The Matrix Reloaded


Let’s get this out of the way: “Reloaded” will not have a tenth of the pop culture impact that The Matrix had. It will make tons of money, but few will honestly love it the way they loved the first film. That doesn’t mean that it’s a horrible movie but, like the Star Wars prequels, while it’s good enough and even great at times, it just doesn’t click the way the original did even though it’s larger in scope (and budget). And like George Lucas, the Wachowski brothers are starting to take their little made-up world way too seriously. Instead of telling another straightforward, compelling sci-fi story with philosophical undertones, they overstuff “Reloaded” with tedious political power struggles, overcomplicated mythology and endless pseudo-spiritual bullshit.

It’s been six months since Neo (Keanu Reeves) was confirmed as the One the prophecy announced would free mankind from the Matrix and end the war with the machines, but not much seems to have happened since. Things heat up again when the humans receive news that the machines have gathered an army that’s drilling down towards Zion (the last free human city, “near the Earth’s core where it’s still warm”). With a 72 hour deadline to possible genocide, this should make for a suspenseful, breathless narrative but instead, half the film is devoted to Counsel hearings, motivational speeches, lame romantic subplots, a rave (really!)… I suppose the intent is to show that the characters are human (as opposed to machines), but the dialogue and most of the acting are too awful for this to work.

“Reloaded” introduces tons of superfluous new characters like Niobe (Jada Pinkett Smith), an ex-girlfriend of Morpheus (Laurence Fishburne) who left him for the Commander, hovercraft captain Link and his worried girlfriend, a gay Counselor who takes Neo on a date underneath Zion, a French jackass (Lambert Wilson) who’s created a specially encoded virtual chocolate treat that makes women soak their panties and Persephone, a mysterious temptress played by Monica Belluci in an impossibly tight dress. Gone is the intimacy of the first film, where the action revolved around a few key characters who became like a family for Neo, with Morpheus acting as a father figure and Trinity (Carrie-Anne Moss) as both a mother and a lover (or was I the only one who denoted Oedipian subtext there?). Morpheus has lost almost all sense of purpose and importance, he’s now bossed around by Zion officers and politicians we don’t give a crap about and Trinity does nothing outside the Matrix beside having sex.

Even the action scenes are disappointing. Wire-fu and “bullet-time” camerawork are still captivating on a basic sensory level even though they lost their freshness, but what is lacking is the gleeful discovery of what Neo is capable of. It’s a bunch of random uninspired fights, like oh, Agents in my way, kick-punch-jump-turn-kick-etc. There is that much ballyhooed-about scene in which Agent Smith (Hugo Weaving) creates dozens of copies of himself to gang up on Neo but while it’s technically impressive, it isn’t all that exciting. The great thing about martial arts is to see people in perfect control of their bodies; wasn’t it great to see Keanu Reeves being more badass than you ever thought possible? Whereas here, at times we’re literally watching a bunch of computer-animated figures kicking each other. Isn’t it ironic considering the film’s themes that the Wachowski prefer technical gimmicks to actual human prowess?

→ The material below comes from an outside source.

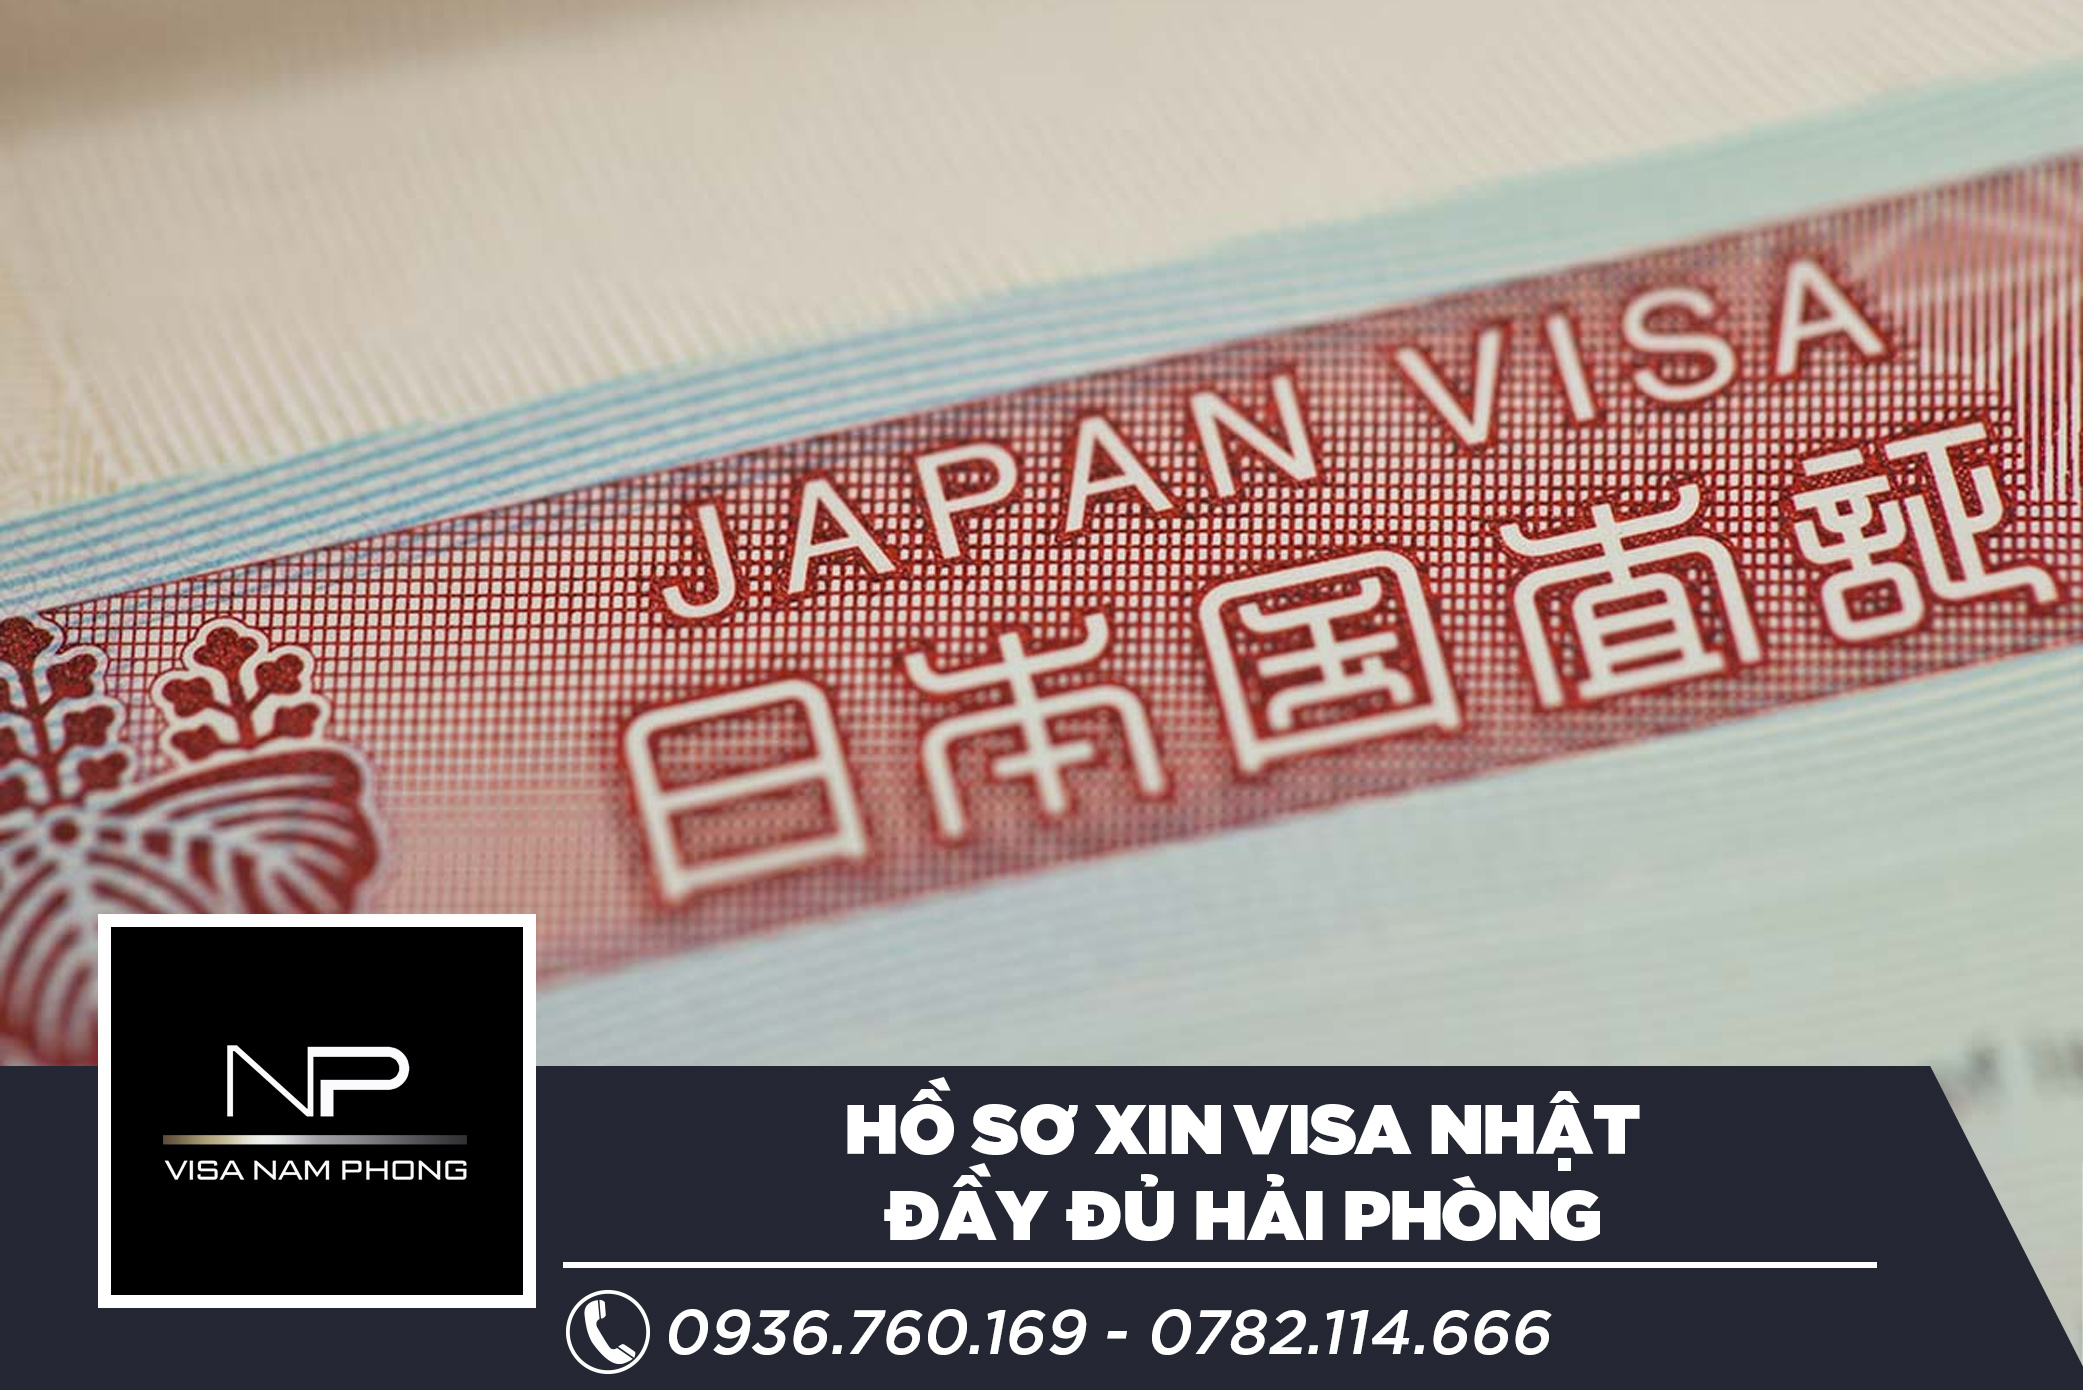 Hồ sơ xin visa Nhật đầy đủ Hải Phòng

All that said, there is one sequence that is AWESOME. I am referring of course to the epic freeway chase scene which just hits you with one damn cool thing after another, from albino twins who can turn into ghosts to Morpheus in a samurai swordsfight atop an 18-wheeler to Trinity riding a motorcycle against traffic to Neo flying in to save the day… Just that last part (and every time Neo does “his Superman thing” for that matter) is so intense that it’s worth the admission price by itself. So “The Matrix Reloaded” isn’t all bad… I’m still looking forward to next November’s “The Matrix Revolutions” and there’s a possibility that “Reloaded” won’t seem as underwhelming in proper context, as the middle chapter of a trilogy.